Ebbene, la giurisprudenza dominante, ripudiando entrambe le teorie suesposte, in quanto devolutive di un eccessivo potere discrezionale al giudice, ha adottato e adotta ancora oggi il criterio del rapporto strutturale di continenza o specialità, progressivamente applicato in molti casi pratici, ad esempio in tema di concussione induttiva, a seguito della riforma del 2012, oppure di falso in bilancio, successivamente alle modifiche del 2002.

Più in dettaglio, aderendo a tale ricostruzione, l’organo giudicante deve compiere una doppia verifica, in astratto e in concreto.

Astrattamente, va effettuato un raffronto tra le fattispecie di reato, verificando se tra le stesse intercorra una relazione di specialità, tale per cui una norma assuma carattere speciale in quanto contenga tutti gli elementi della precedente norma generale più un elemento specificativo, nel caso della c.d. specialità per specificazione, oppure un elemento aggiuntivo, nell’ambito della c.d. specialità per aggiunta.

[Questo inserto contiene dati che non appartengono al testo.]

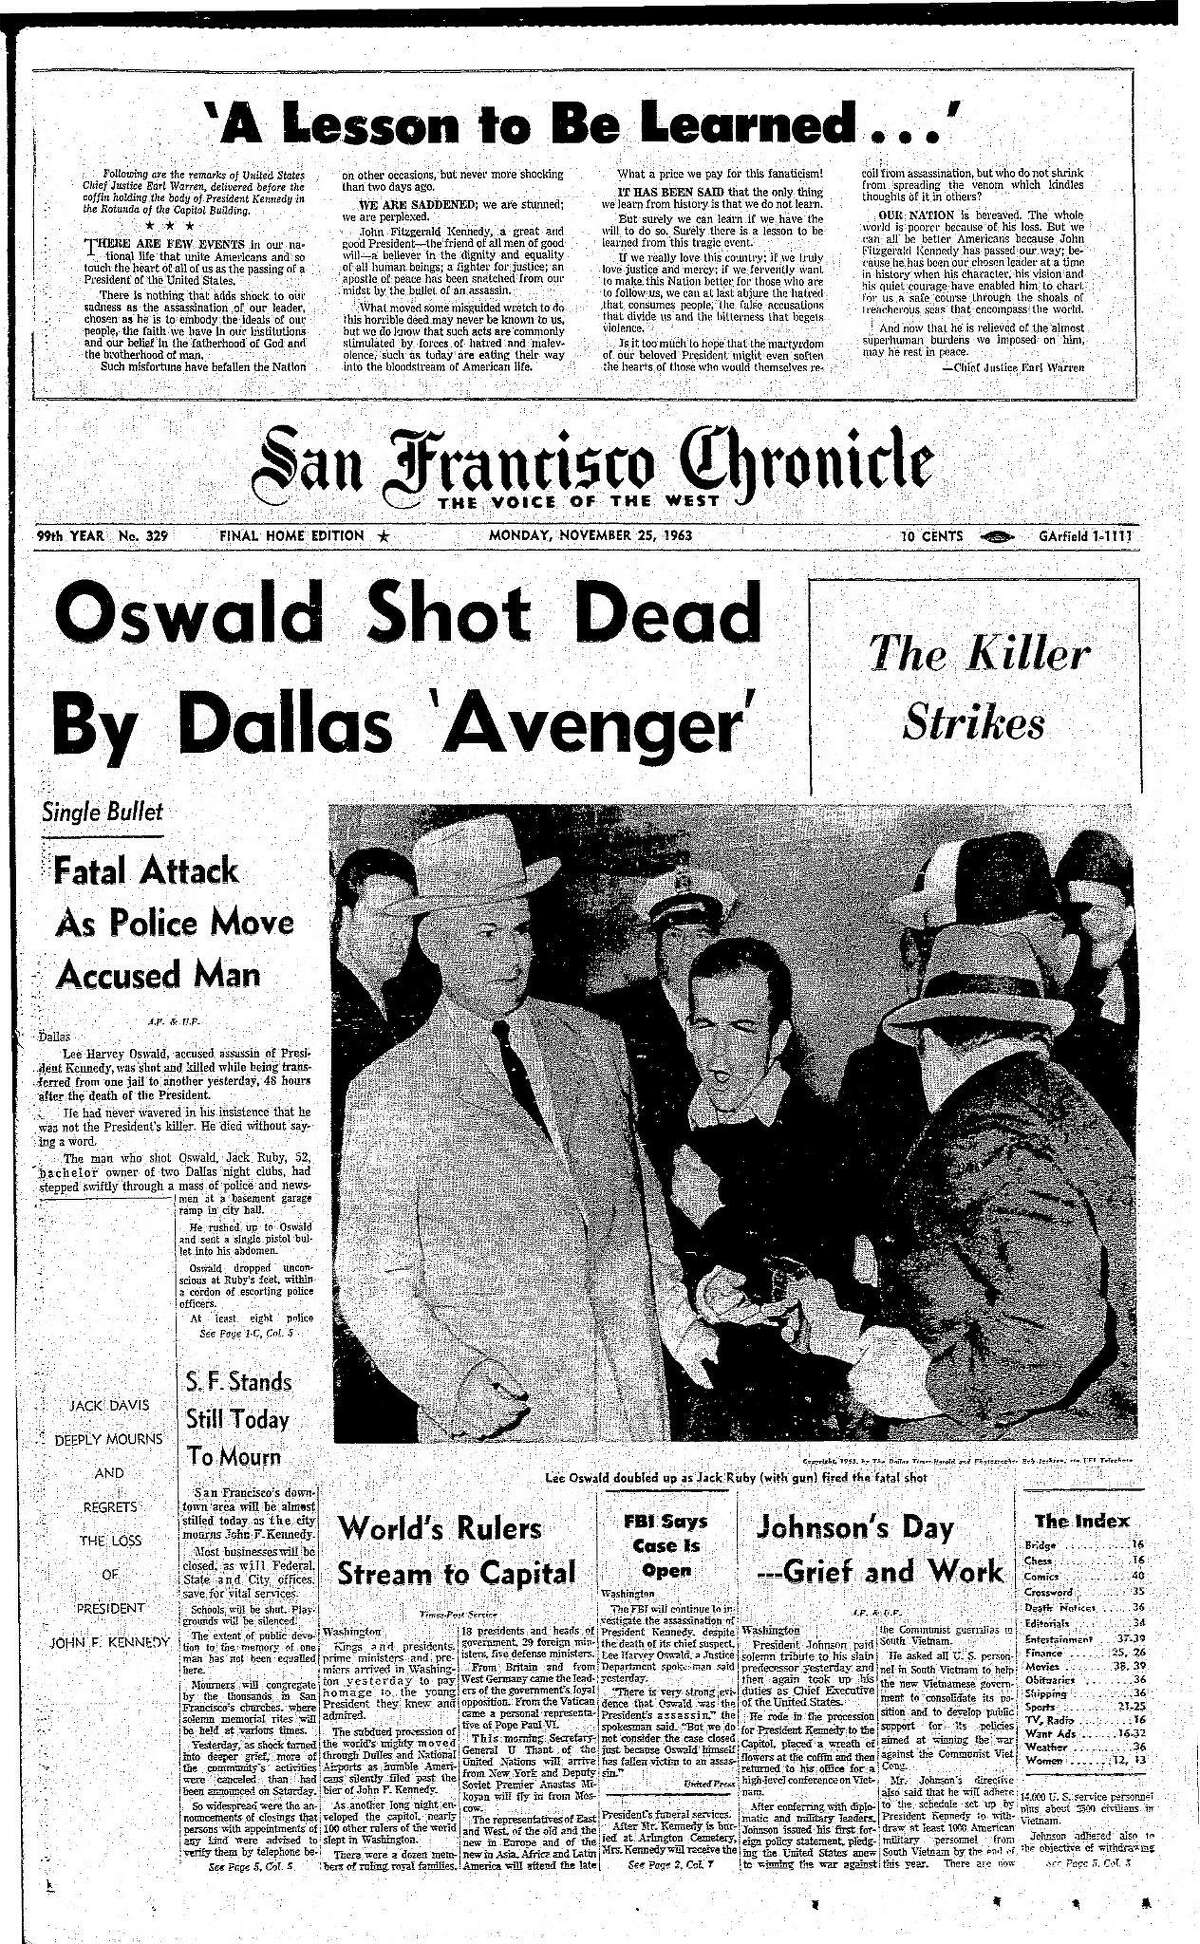 Chronicle Covers: The shooting of Lee Harvey Oswald

Una volta individuato questo rapporto strutturale di continenza, il giudice deve compiere una seconda verifica, stavolta in concreto, per accertare che fatti, prima punibili sulla base della precedente normativa generale, continuino a esserlo anche in virtù della sopravvenuta disposizione speciale.

Laddove vi sia ancora rilevanza penale, si dovrà concludere per una semplice abrogatio sine abolitione, viceversa, si sarà in presenza di una parziale abolitio criminis ex art. 2, comma 2, c.p.

Lo statuto della successione di leggi penali nel tempo come sopra descritto, informato al rispetto dei principi di irretroattività sfavorevole e di retroattività favorevole, si applica ovviamente a tutte le norme e misure autenticamente penali, comprese quelle di matrice sanzionatoria, mentre incontra alcune deroghe con riferimento ad altri tipi di conseguenze penali, ossia le misure di sicurezza.

Più in dettaglio, l’art. 200, comma 2, c.p. prevede che se la legge del tempo in cui deve eseguirsi la misura di sicurezza è diversa rispetto alla legge sussistente al momento della sua applicazione, si applica la legge in vigore al tempo dell’esecuzione.

Il legislatore, pertanto, ammette un’eccezionale applicazione retroattiva sfavorevole delle misure di sicurezza, a differenza di quanto generalmente previsto per le pene in senso stretto.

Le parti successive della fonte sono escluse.